## Given information

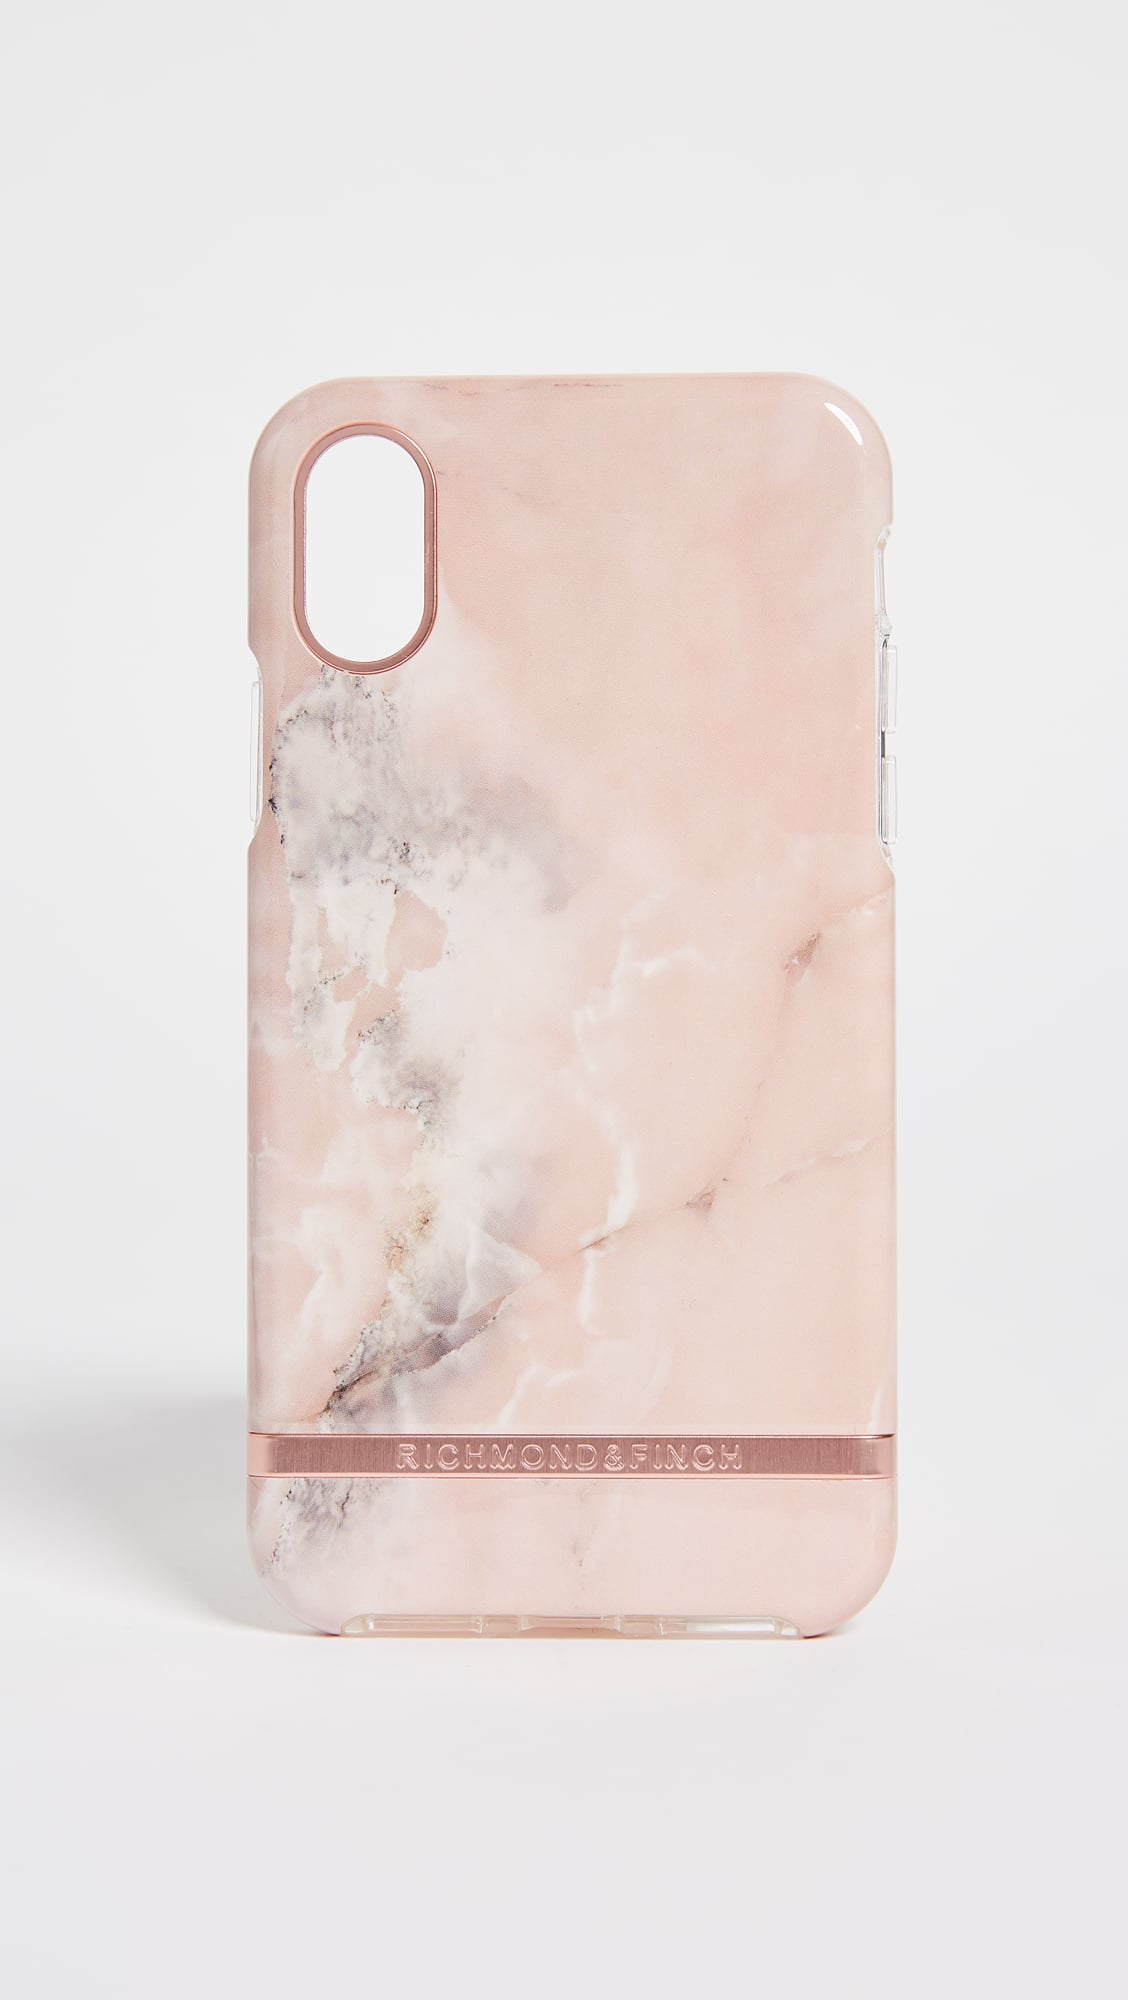 Richmond & Finch Pink Marble iPhone Case | I'll Need 25 of These Adorable iPhone Cases to Get Through the Year | POPSUGAR Tech Photo 24
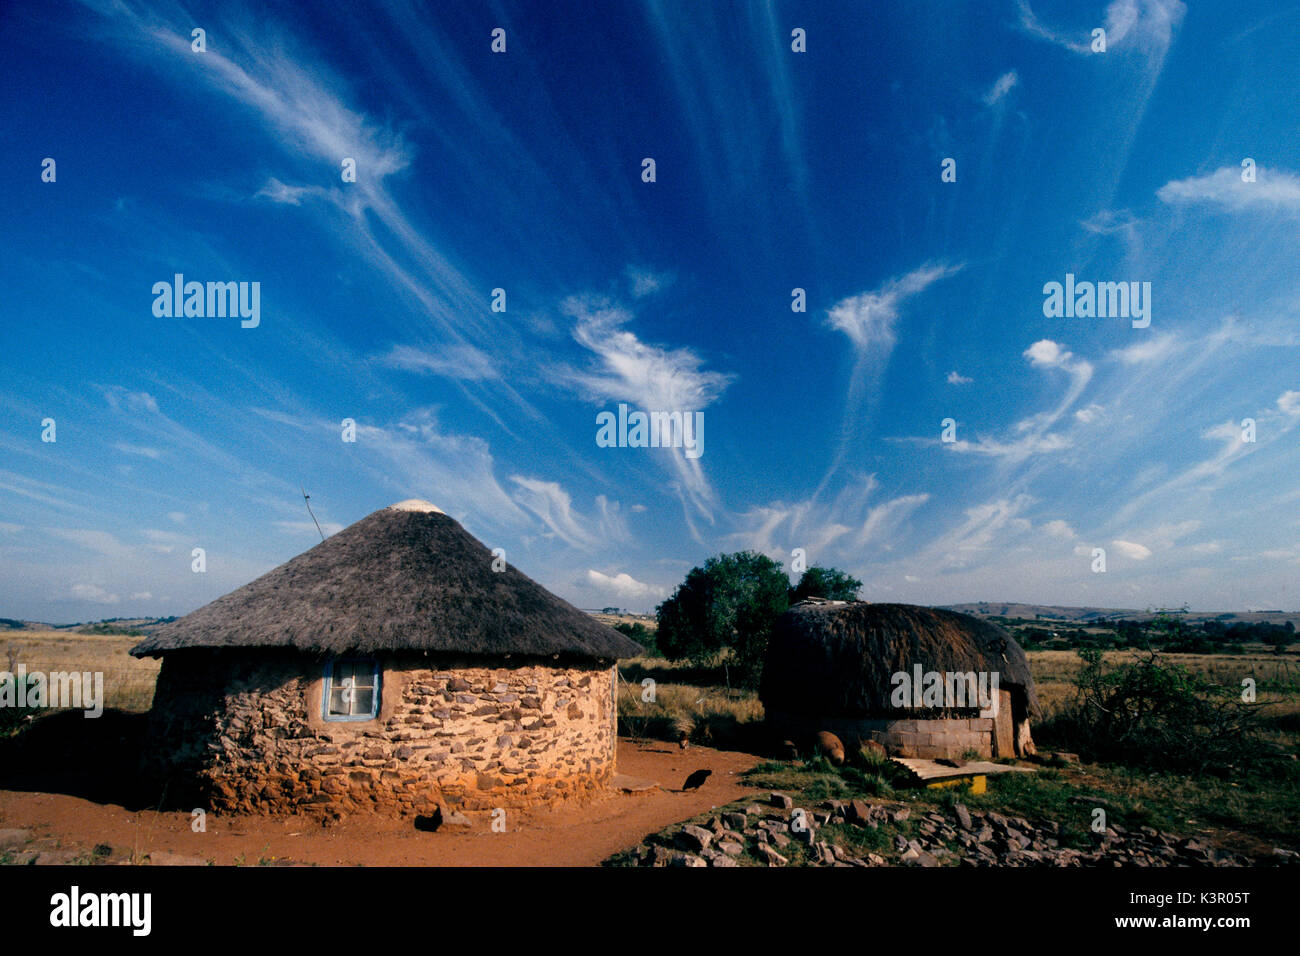 Scattered huts in a village in the Zululand, South Africa Stock Photo
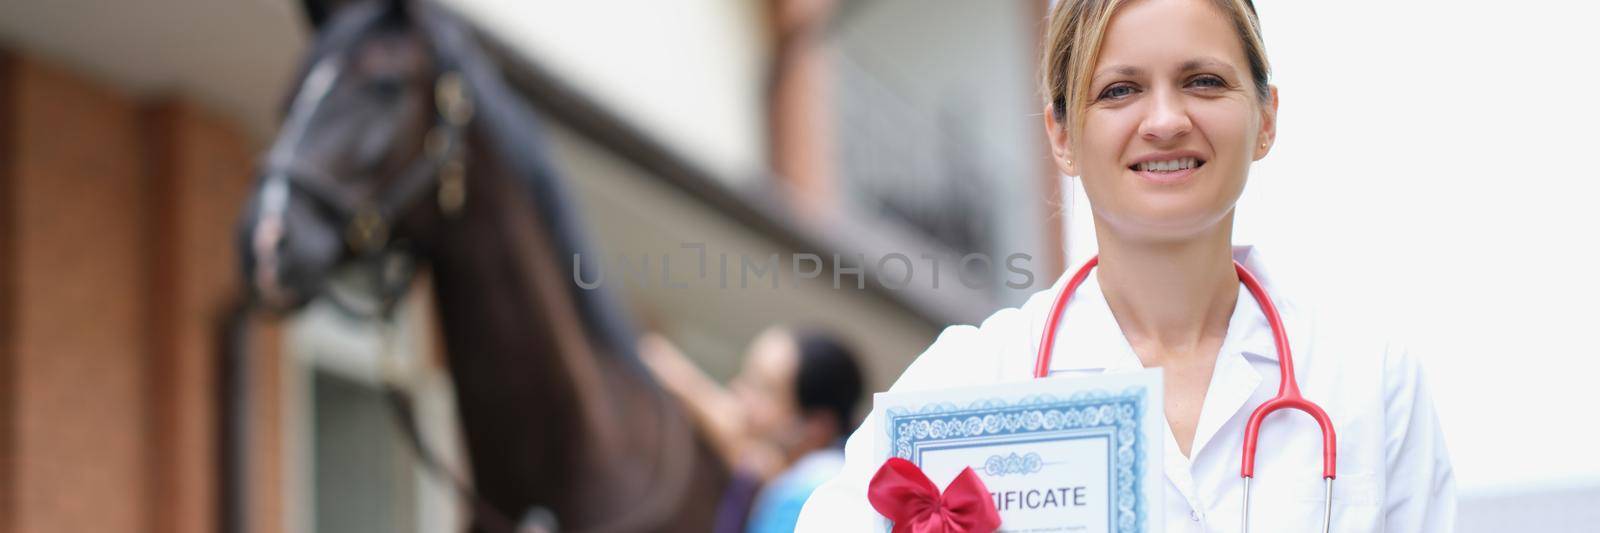 Portrait of smiling female veterinarian holding medical certificate against background of sport horse. Horses undergoing medical examination before competition concept

## Work request
Reproduce the listing above from the line that contains "Scattered huts in" through its final line, exactly and with nothing added. Omit the images.

## Task solution
 Scattered huts in a village in the Zululand, South Africa Stock Photo
 Portrait of smiling female veterinarian holding medical certificate against background of sport horse. Horses undergoing medical examination before competition concept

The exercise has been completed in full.